(Material supplied)
_ _ _

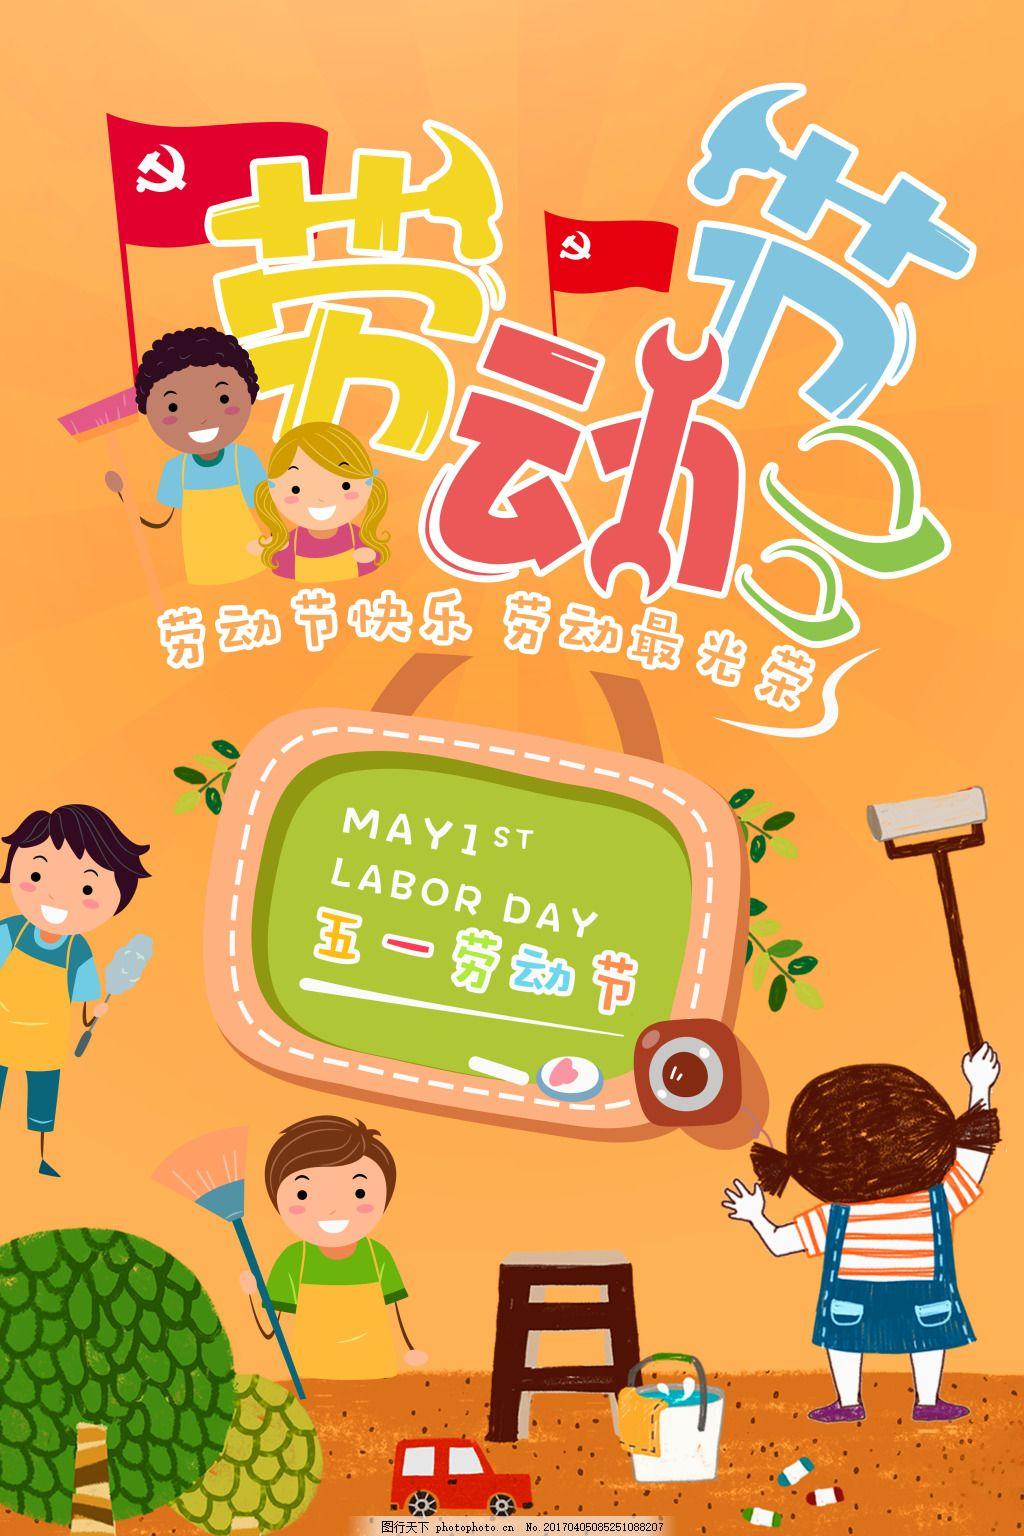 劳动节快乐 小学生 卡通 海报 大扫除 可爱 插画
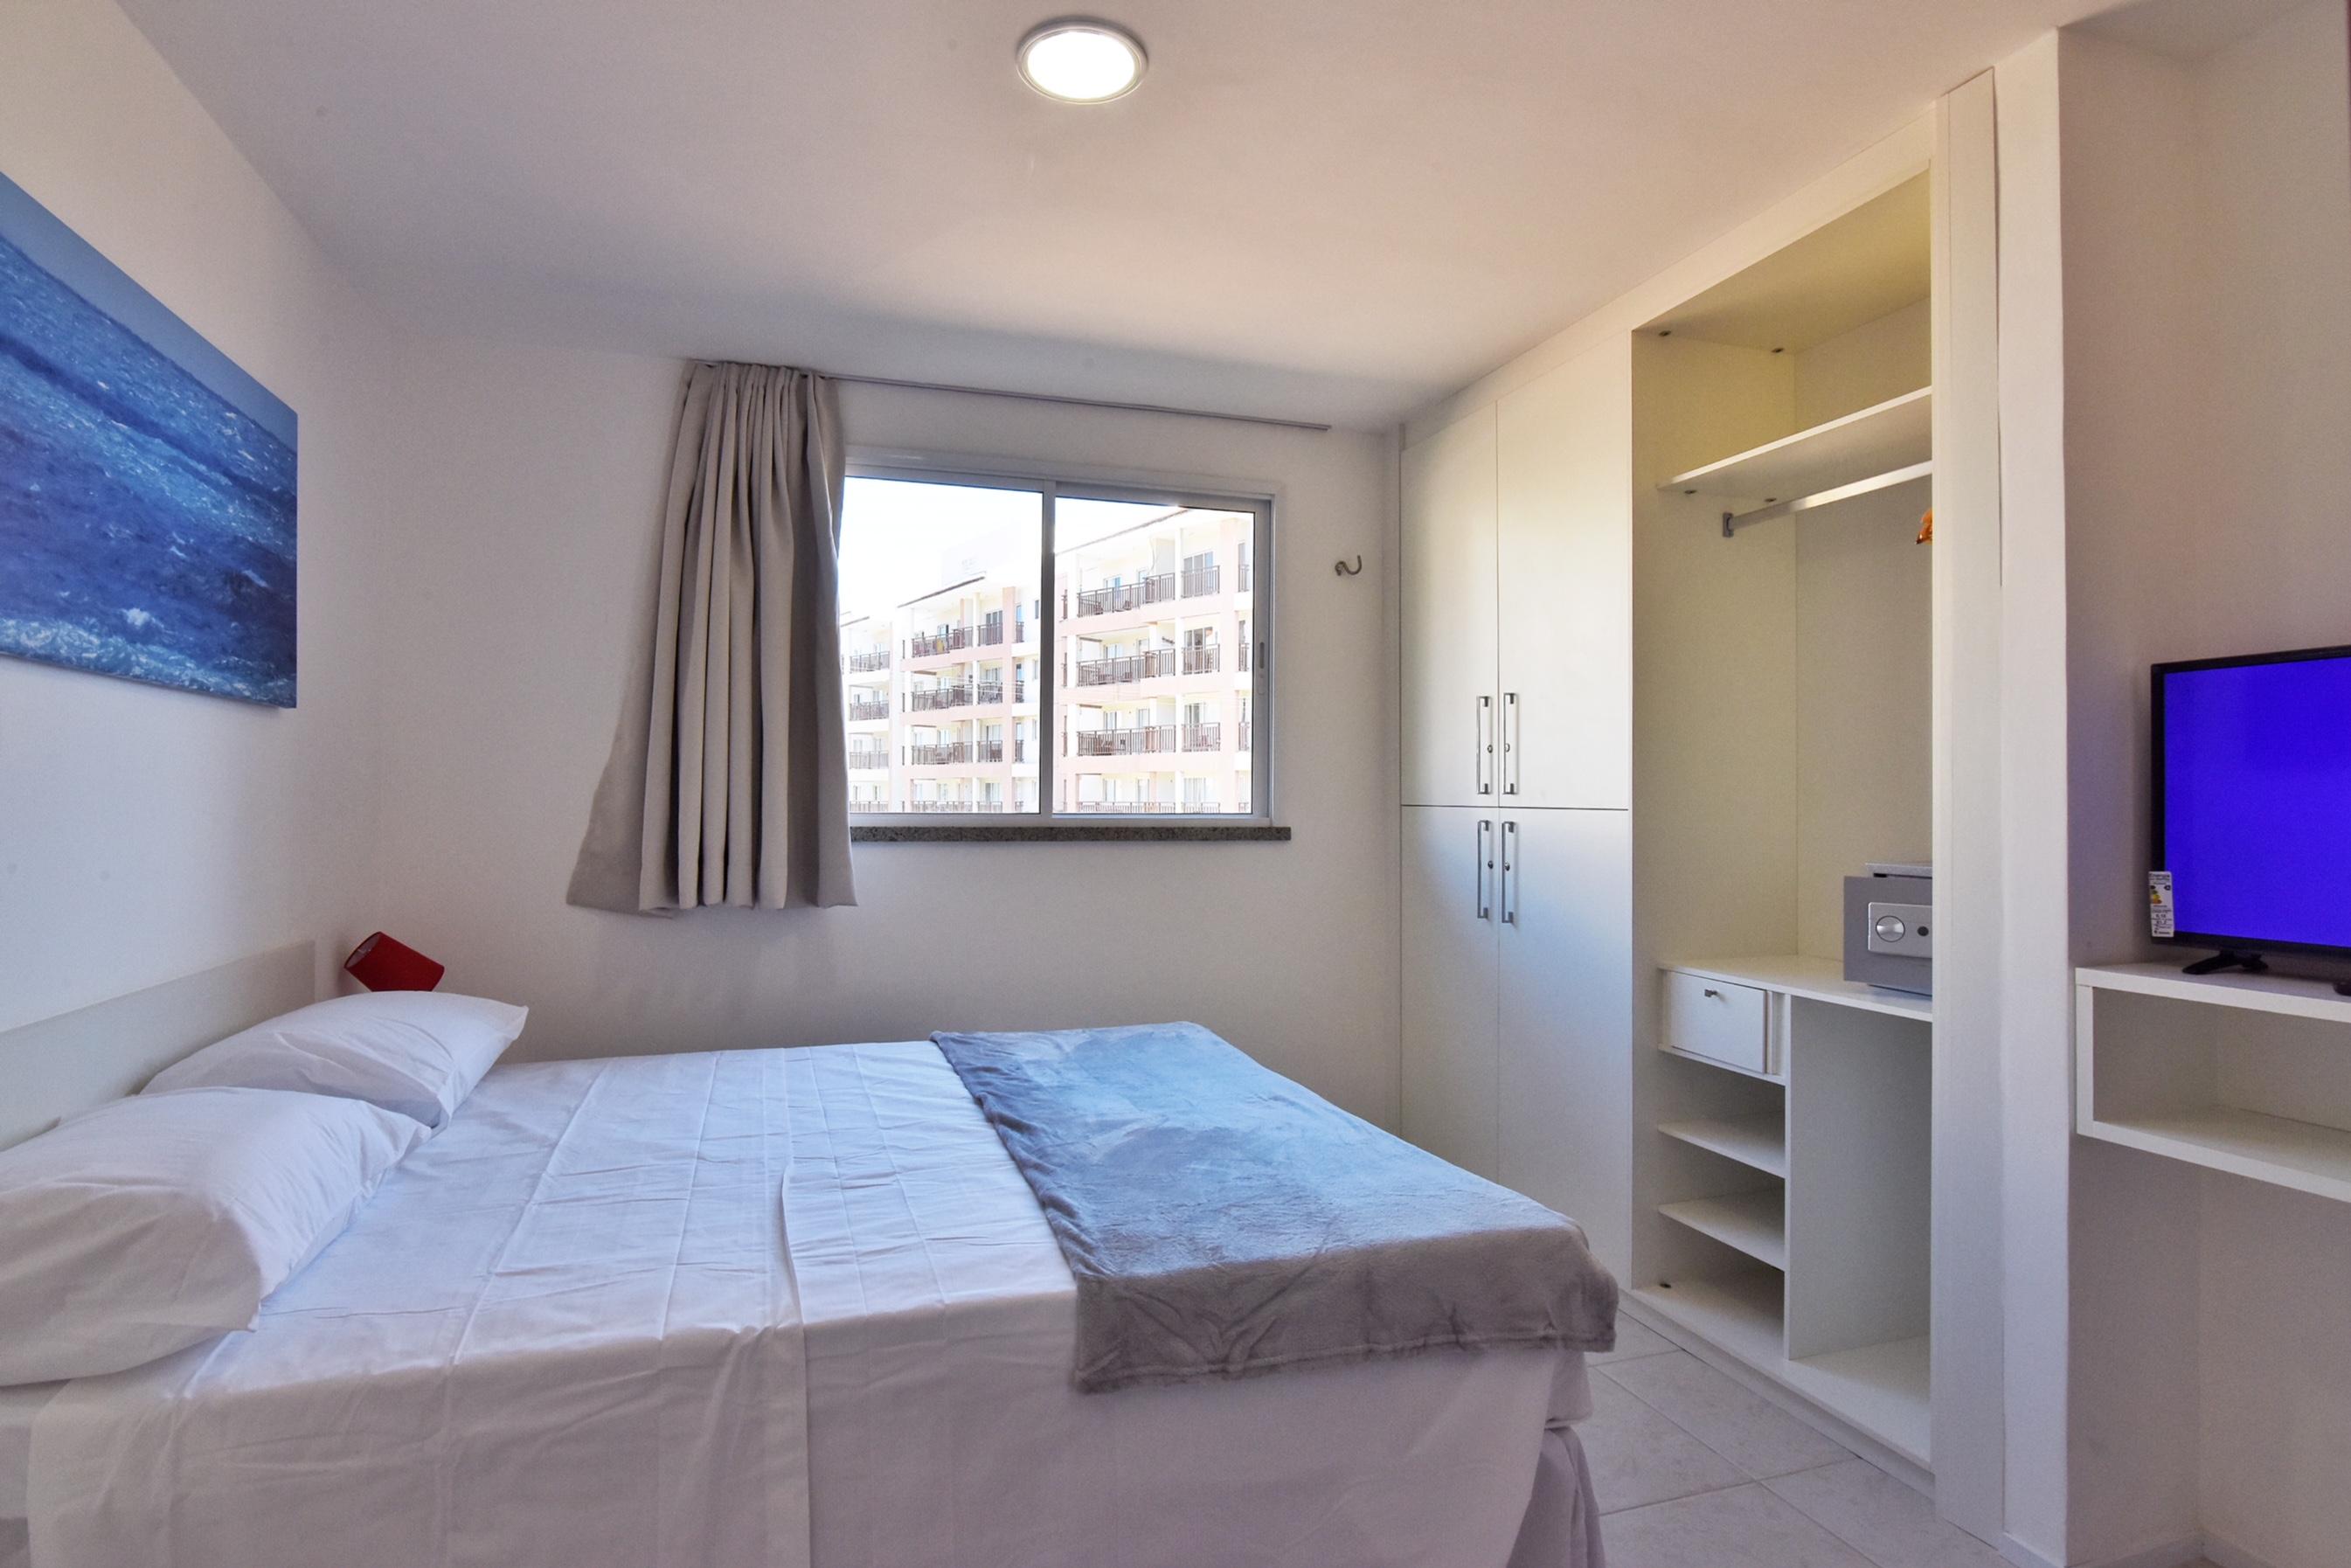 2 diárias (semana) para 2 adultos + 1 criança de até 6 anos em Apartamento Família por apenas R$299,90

_ _ _

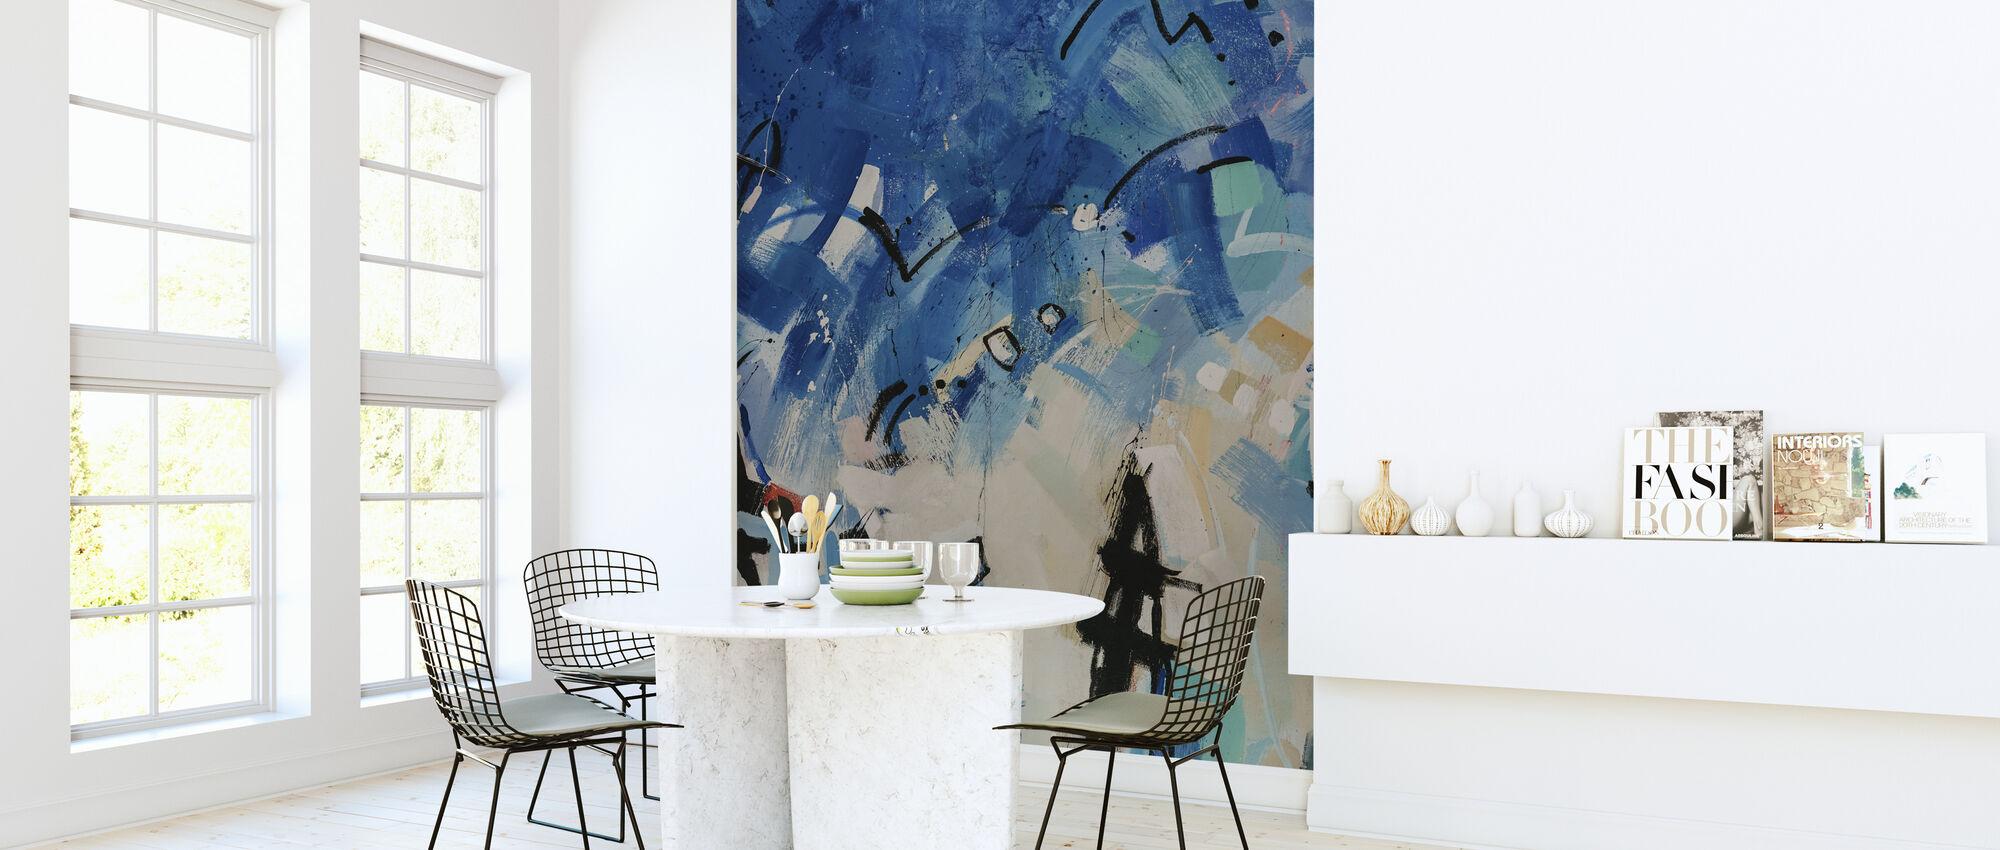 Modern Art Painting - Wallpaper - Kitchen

_ _ _

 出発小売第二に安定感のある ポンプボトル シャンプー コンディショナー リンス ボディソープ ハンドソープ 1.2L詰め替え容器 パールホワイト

_ _ _

(Work task) For the entries above, print exactly the lines between the one with "劳动节快乐 小学生 卡通 海报 大扫除 可爱 插画" and the one with "2 diárias (semana)", inclusive, with no pictures.

(Answer)
 劳动节快乐 小学生 卡通 海报 大扫除 可爱 插画
 2 diárias (semana) para 2 adultos + 1 criança de até 6 anos em Apartamento Família por apenas R$299,90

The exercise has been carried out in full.